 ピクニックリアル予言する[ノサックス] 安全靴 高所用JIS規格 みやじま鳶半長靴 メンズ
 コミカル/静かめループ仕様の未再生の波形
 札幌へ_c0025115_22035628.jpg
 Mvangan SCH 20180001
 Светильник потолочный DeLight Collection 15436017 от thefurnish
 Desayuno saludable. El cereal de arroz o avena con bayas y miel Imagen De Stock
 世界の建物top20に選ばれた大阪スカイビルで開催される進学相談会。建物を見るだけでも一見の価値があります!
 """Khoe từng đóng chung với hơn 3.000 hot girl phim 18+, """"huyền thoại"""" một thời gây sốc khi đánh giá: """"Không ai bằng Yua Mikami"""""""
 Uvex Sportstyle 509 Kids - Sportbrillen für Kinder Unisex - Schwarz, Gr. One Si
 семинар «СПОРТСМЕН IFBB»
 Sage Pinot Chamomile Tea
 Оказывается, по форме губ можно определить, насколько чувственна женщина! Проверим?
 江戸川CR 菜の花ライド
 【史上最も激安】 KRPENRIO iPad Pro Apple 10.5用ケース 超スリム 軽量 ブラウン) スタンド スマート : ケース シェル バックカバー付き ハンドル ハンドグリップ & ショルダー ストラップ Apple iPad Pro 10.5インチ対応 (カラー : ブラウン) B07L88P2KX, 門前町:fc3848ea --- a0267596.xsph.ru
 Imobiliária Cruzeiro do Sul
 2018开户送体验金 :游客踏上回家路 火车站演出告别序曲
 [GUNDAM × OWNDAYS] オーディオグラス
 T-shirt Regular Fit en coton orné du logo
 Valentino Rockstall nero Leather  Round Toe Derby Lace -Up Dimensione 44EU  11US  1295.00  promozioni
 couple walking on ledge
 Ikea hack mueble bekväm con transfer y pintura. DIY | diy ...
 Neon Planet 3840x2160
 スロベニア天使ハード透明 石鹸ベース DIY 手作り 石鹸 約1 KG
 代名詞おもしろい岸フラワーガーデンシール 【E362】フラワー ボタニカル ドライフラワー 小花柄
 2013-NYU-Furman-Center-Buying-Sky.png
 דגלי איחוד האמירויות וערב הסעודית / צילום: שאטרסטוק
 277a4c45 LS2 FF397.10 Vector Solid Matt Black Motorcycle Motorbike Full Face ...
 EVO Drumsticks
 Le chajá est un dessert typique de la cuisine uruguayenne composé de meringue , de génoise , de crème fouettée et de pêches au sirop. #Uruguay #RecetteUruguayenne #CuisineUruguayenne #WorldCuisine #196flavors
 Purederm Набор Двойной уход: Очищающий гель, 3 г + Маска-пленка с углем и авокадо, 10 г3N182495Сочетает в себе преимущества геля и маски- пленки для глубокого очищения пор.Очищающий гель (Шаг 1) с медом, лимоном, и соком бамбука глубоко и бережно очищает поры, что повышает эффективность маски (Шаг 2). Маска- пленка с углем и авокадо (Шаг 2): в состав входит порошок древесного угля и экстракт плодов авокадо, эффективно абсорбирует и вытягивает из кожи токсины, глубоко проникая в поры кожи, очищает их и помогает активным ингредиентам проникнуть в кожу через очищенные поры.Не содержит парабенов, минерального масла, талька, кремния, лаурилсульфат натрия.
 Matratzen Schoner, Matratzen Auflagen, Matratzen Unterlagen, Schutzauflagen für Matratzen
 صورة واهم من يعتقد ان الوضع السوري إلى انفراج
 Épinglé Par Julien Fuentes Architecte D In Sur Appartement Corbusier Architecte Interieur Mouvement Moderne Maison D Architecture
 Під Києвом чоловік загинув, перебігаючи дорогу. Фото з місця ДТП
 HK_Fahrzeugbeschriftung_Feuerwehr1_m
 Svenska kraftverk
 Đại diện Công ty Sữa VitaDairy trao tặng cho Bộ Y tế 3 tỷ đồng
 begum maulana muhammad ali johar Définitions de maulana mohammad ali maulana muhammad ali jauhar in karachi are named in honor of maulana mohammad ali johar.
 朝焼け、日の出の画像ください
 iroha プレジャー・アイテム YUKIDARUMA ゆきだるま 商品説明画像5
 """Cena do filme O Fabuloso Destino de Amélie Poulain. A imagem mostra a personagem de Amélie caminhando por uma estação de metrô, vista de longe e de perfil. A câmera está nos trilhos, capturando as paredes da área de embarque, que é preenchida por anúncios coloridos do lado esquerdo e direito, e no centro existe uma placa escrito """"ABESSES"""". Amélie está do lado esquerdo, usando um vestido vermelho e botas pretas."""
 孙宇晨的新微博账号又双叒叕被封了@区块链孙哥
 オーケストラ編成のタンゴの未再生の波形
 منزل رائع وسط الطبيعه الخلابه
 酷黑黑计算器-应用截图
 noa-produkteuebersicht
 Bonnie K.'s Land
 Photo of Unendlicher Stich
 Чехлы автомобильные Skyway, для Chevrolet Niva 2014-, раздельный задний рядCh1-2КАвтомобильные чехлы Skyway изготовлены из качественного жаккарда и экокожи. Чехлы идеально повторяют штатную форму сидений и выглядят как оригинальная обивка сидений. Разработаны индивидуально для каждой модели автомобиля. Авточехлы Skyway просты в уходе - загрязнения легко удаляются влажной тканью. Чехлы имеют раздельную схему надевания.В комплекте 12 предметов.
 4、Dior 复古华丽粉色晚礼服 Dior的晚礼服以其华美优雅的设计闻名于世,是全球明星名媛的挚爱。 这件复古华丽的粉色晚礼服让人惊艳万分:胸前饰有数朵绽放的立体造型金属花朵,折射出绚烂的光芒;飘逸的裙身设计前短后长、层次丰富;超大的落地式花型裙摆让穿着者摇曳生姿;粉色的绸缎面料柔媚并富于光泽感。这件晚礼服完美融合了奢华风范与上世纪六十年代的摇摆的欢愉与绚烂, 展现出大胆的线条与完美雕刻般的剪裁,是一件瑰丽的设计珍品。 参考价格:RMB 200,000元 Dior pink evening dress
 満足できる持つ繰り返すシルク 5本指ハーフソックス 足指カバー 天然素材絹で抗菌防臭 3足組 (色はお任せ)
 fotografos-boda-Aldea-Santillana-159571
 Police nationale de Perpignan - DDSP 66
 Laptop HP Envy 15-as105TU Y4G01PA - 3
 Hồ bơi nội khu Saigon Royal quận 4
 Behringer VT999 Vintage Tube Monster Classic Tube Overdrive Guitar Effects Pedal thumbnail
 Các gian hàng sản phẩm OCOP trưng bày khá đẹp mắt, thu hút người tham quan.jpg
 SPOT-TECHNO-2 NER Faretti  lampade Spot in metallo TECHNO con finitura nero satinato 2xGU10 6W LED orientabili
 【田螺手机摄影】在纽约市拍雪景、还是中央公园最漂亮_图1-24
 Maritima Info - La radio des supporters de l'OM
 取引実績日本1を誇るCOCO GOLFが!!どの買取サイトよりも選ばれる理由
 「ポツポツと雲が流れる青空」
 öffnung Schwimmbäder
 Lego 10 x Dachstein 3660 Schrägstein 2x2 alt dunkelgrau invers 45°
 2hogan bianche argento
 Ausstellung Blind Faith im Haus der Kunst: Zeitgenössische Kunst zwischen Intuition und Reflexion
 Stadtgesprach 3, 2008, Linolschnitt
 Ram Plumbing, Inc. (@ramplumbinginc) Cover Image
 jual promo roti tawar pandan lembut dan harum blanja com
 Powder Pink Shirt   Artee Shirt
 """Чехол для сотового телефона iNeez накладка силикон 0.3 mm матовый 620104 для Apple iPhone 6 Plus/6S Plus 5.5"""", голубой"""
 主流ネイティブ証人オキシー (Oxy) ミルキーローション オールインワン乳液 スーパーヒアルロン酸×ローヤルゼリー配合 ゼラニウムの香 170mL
****************************************
_Work task:_ Taking the entries above, print exactly the lines starting at the line with "Оказывается, по форме" and ending at the line with "江戸川CR 菜の花ライド", both included.

_Exercise response:_
 Оказывается, по форме губ можно определить, насколько чувственна женщина! Проверим?
 江戸川CR 菜の花ライド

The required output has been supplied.